B.C. NDP cabinet ministers are getting a bonus, but it won’t be as big as it could’ve been.
Under provincial law, 20% of ministerial salaries is held back until the fiscal year’s Public Accounts are released. Half the holdback is for balancing the government’s overall budget target, the other half for balancing ministerial budgets. Because the pandemic turned the government’s finances upside down, NDP cabinet members qualify only for the latter 10%.
Cabinet ministers will receive $5,551 each and Premier John Horgan $9,992.
The NDP government had eliminated the bonus system for Crown corporation executives, but not for politicians. It decided not to amend the law during an emergency March 23 sitting of the Legislature, just eight days before the books closed for the fiscal year.
“We hadn’t made changes to the ministers holdbacks, that we felt that was just additional time and energy that we wanted to spend on providing supports to the public,” Finance Minister Carole James told reporters on Aug. 31. “Minister budgets were balanced, but in fact the revenue did not come in, so ministers will receive half of their holdbacks.”
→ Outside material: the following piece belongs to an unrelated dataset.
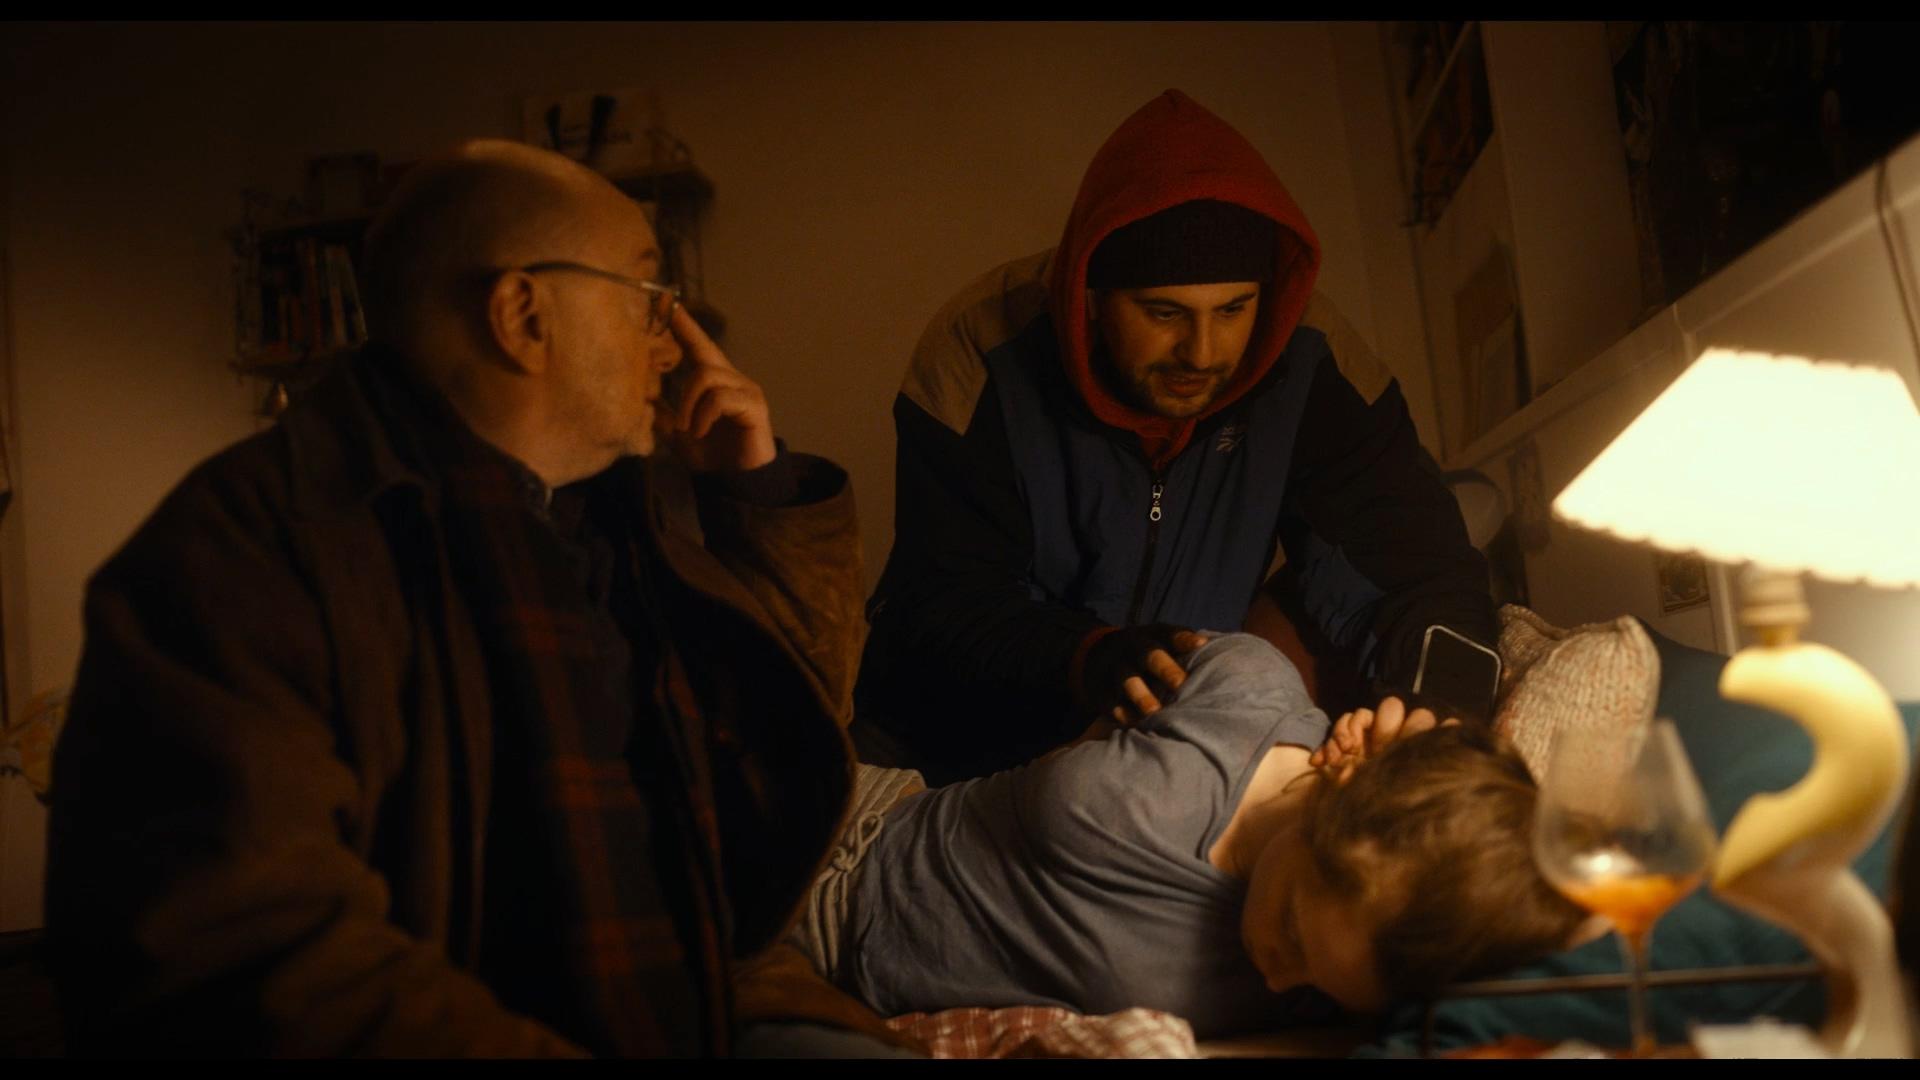 《我出去醫下》「法國博恩」外送員半路出家當醫生 趣味片名引發「統粉」朝聖 : 98yp 電影影評線上看
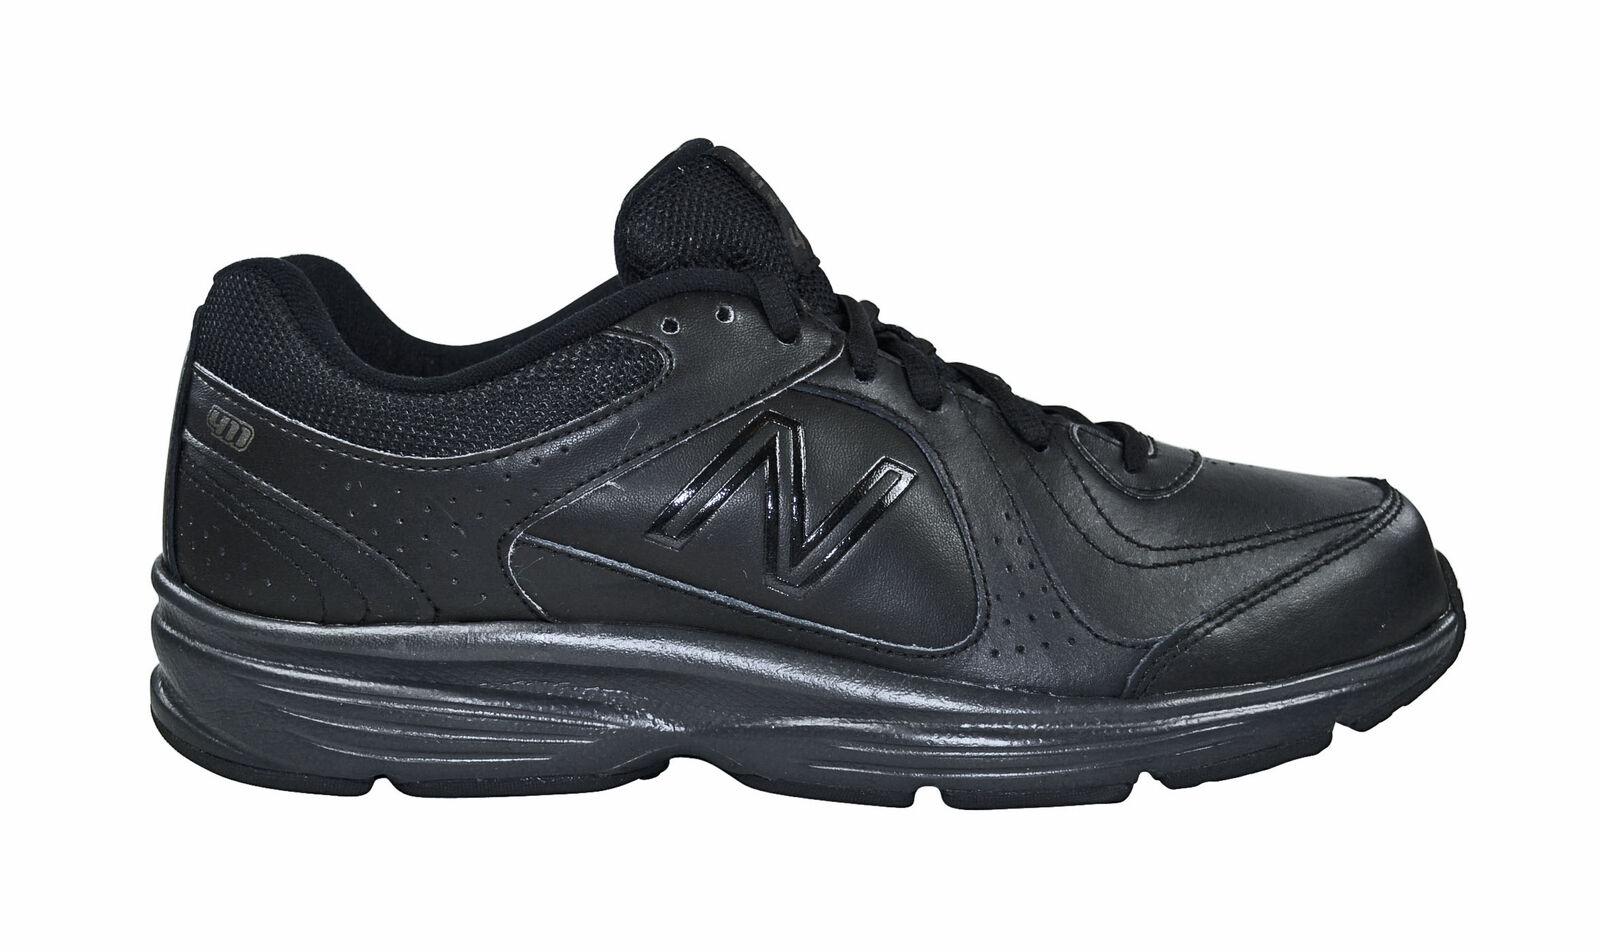 New balance mw411 BK negro zapatos Walking-zapatos tamaños selección

In late-March, the Legislative Assembly Management Committee unanimously voted to free MLAs’ base $111,024.19 annual pay. The Premier is paid $99,921.77 extra and cabinet ministers $55,512.10.
James revealed on Aug. 31 that the sudden impact of the pandemic meant a $321 million deficit for the fiscal year that ended March 31.
In July, James said B.C.’s 2020-2021 deficit was projected to hit $13.5 billion.
Meanwhile, public sector salaries remain relatively high and unchanged by the pandemic.
The biggest pay packets for 2019-2020 in the B.C. public service include BC Hydro Powerex CEO Thomas Bechard ($937,845), UBC president Santa Ono ($605,225), BC Hydro president Chris O’Riley ($566,084), Vancouver Island University CFO Shelley Legin ($521,556), B.C. Securities Commission CEO Brenda Leong ($515,203) and ICBC CEO Nicolas Jimenez ($474,680).
The NDP government held onto the public accounts until the last day allowed under the law. But the Crown corporations and agencies financial reports include disclaimers about the uncertainty due to COVID-19. The pandemic was declared March 11 by the World Health Organization and followed the next week by the B.C. government’s public health emergency and state of emergency declarations.
“Although the economic influence from the virus is expected to be temporary, the impact to PavCo’s event operations and related financial results is expected to be significant, but cannot be reasonably estimated at this time,” said the year-end report for B.C. Pavilion Corporation.
PavCo has not hosted a public event since March’s Canada Sevens rugby tournament at B.C. Place Stadium and the Pacific Dental Conference at the Vancouver Convention Centre. The latter was the scene of a virus outbreak that sickened more than 80 people and led to at least one death.
BC Hydro blamed the pandemic for late filing of Site C quarterly reports with the B.C. Utilities Commission and the July revelation that the $10.7 billion budget and 2024 completion date are no longer. Both are officially listed as TBD.
B.C. Lottery Corporation relies on casinos for three quarters of its revenue, but casinos have been closed since mid-March. It is unlikely to match this year’s $1.35 billion net income next year.